[Python-ideas] One more time... lambda function <--- from *** signature def.
Chris Angelico
rosuav at gmail.com
Tue Mar 4 15:14:09 CET 2014
On Tue, Mar 4, 2014 at 11:50 PM, Masklinn <masklinn at masklinn.net> wrote:
> On 2014-03-04, at 13:07 , Chris Angelico <rosuav at gmail.com> wrote:
>> Most people expect that:
>>
>> foo = bar
>> assert foo is bar
>>
>> to be a safe assumption, but if bar is a thunk, then it's getting
>> evaluated separately in each of those
>
> Why? Either it's forced during assignment or both names map to
> the same thunk, and are both forced when any of them is.
>
> That could be during the identity check, but since both names refer to
> the same thunk they can only yield the same value, so the identity check
> needs not force the thunk. An equality test would likely force the
> thunk.
Most certainly not.
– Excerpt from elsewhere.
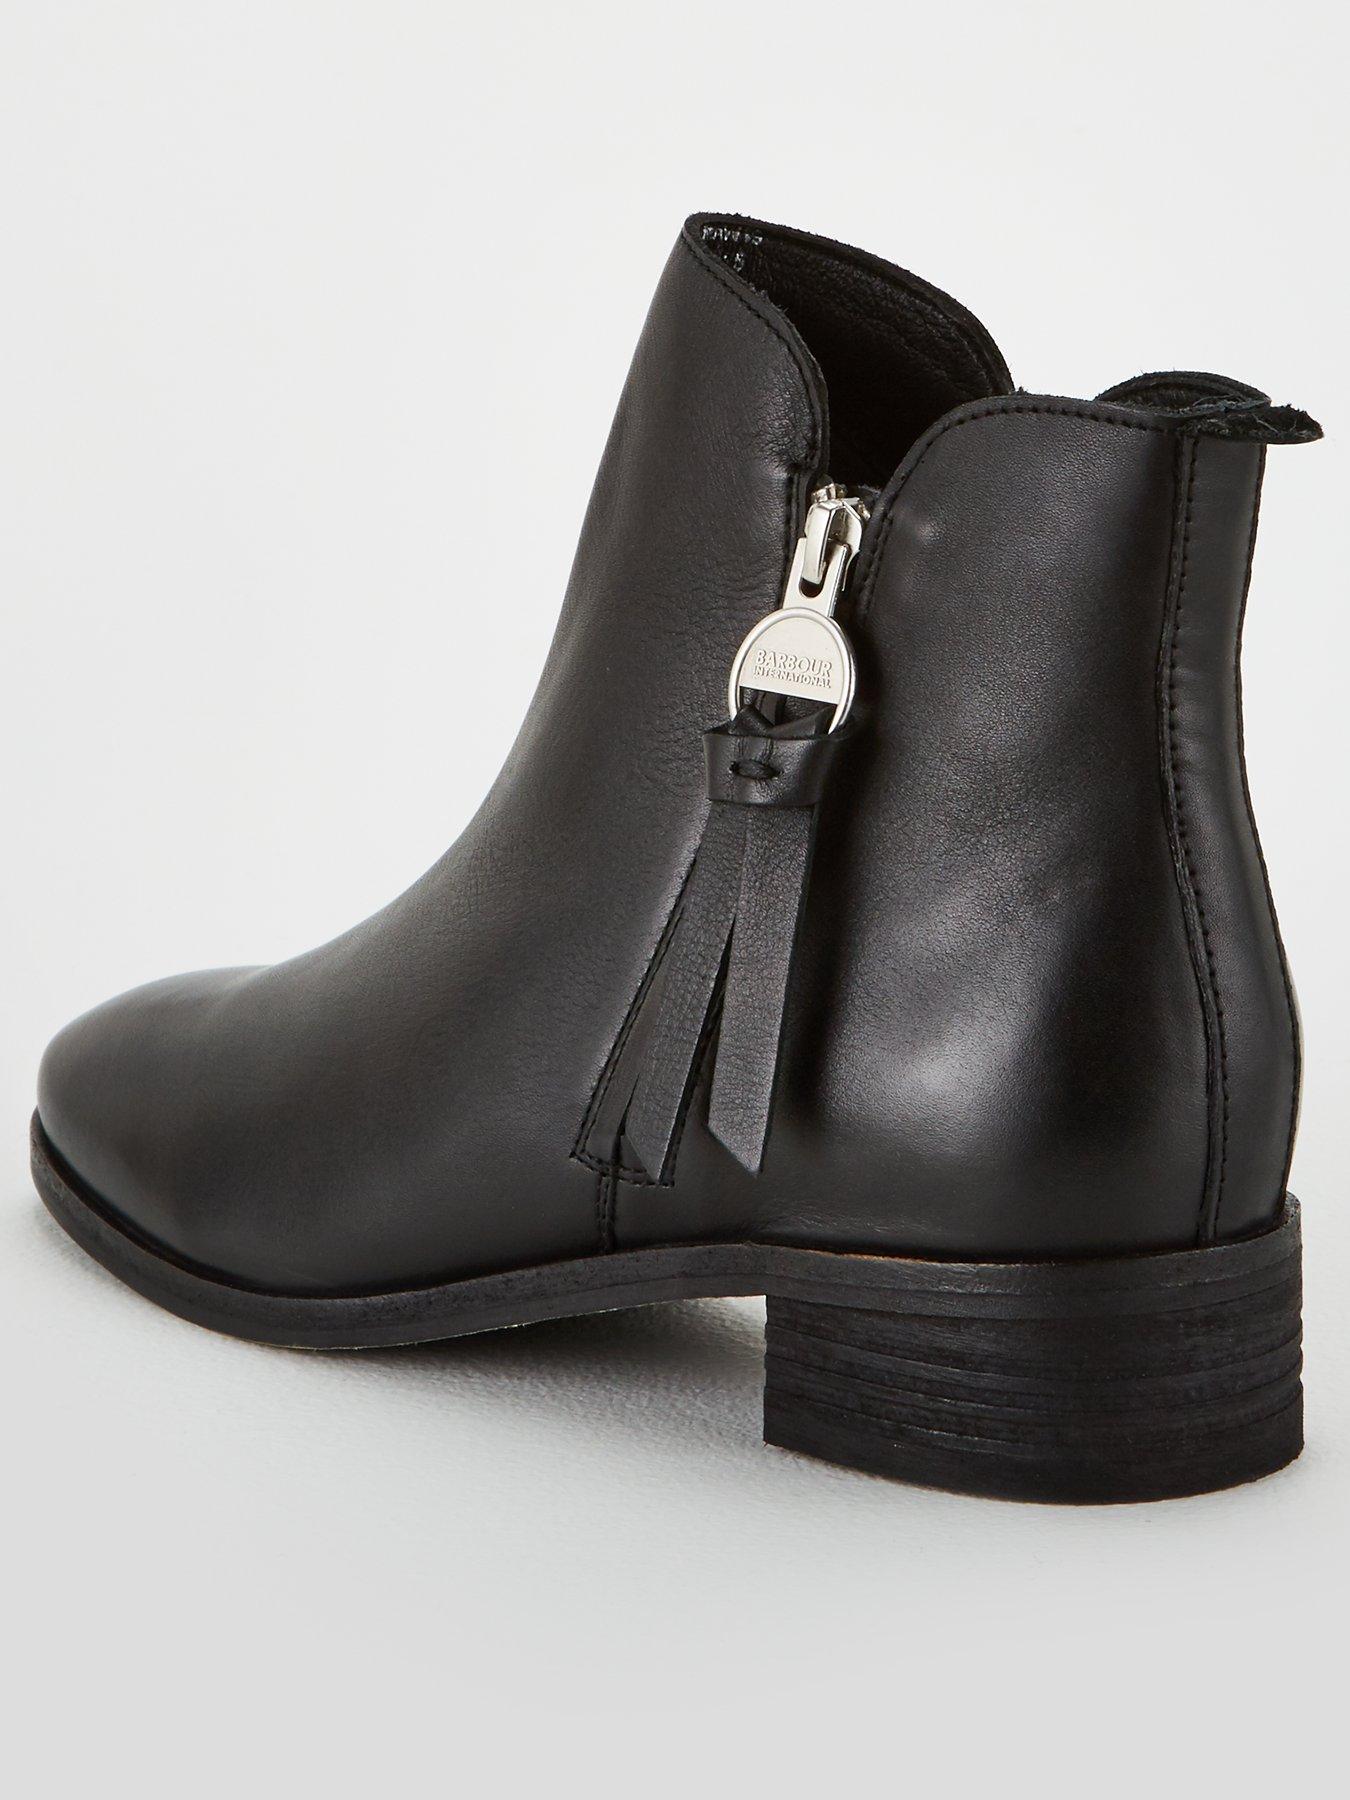 barbour penelope boots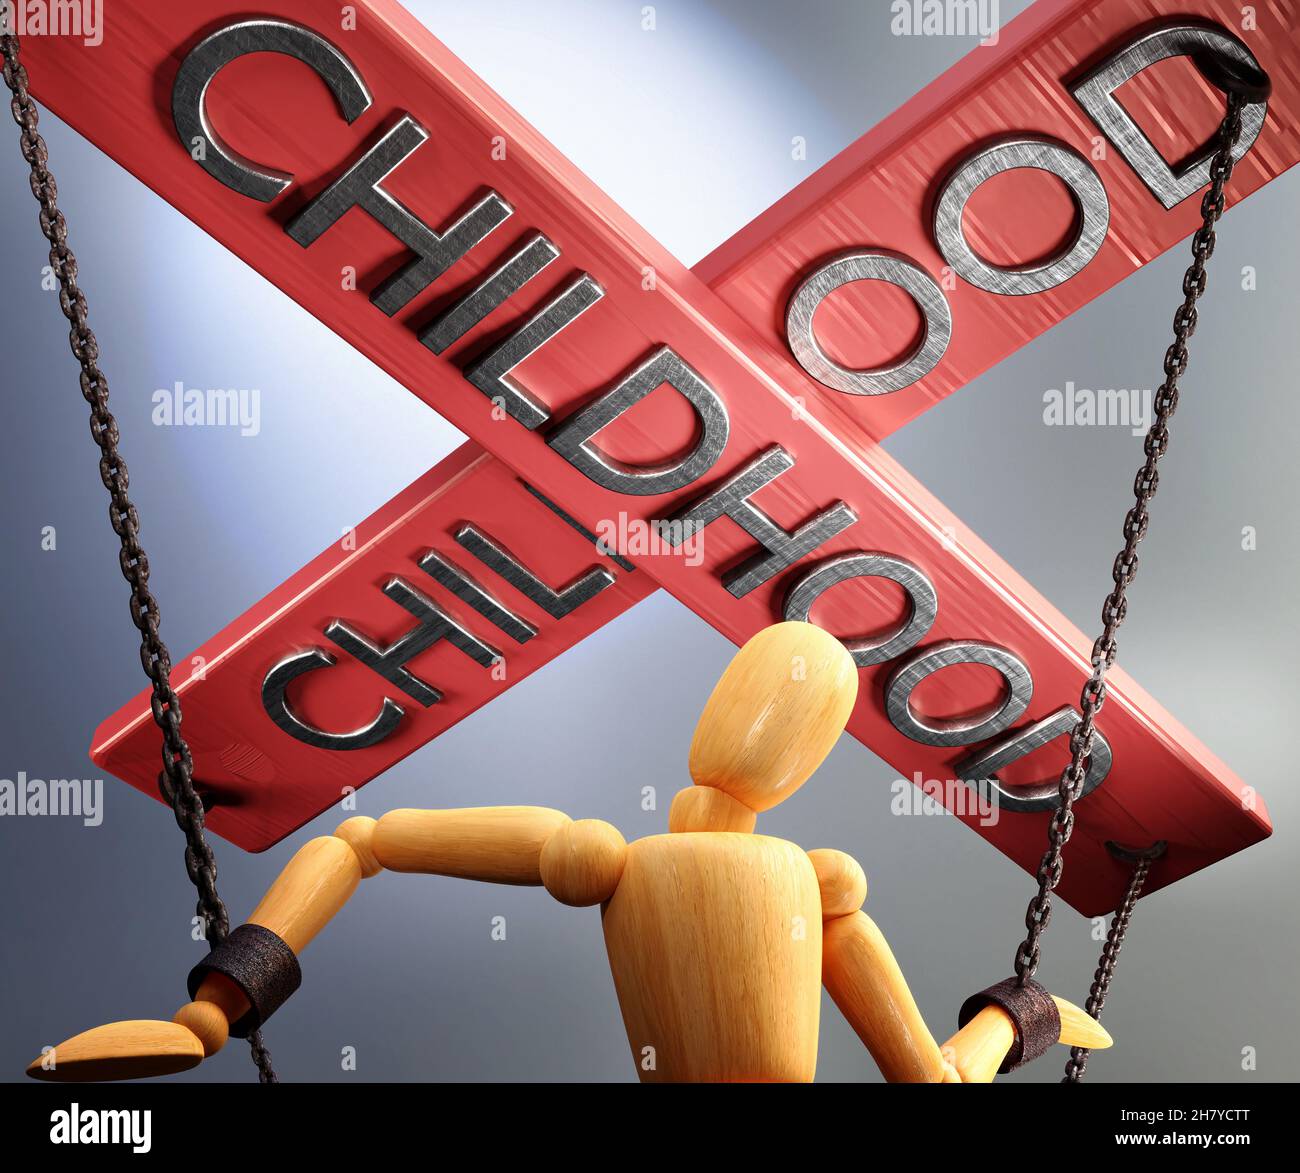 Childhood control, power, authority and manipulation symbolized by control bar with word Childhood pulling the strings (chains) of a wooden puppet, 3d Stock Photo

Try this:
bar = `[1,2,3]`
foo = bar
spam = bar
assert foo is spam
Here's the evaluated version:
foo = [1,2,3]
spam = [1,2,3]
assert foo is spam
You can try this one out directly. They're not going to be the same
object - they'll be two separate lists. They will be equal, in this
case, but there's no guarantee of that either:
bar = `random.random()`
Separate evaluation of the same expression isn't guaranteed to have
the same result, AND it might have unexpected side effects:
bar = `whiskey.pop().drink()`
and you might find yourself underneath the bar before you know it.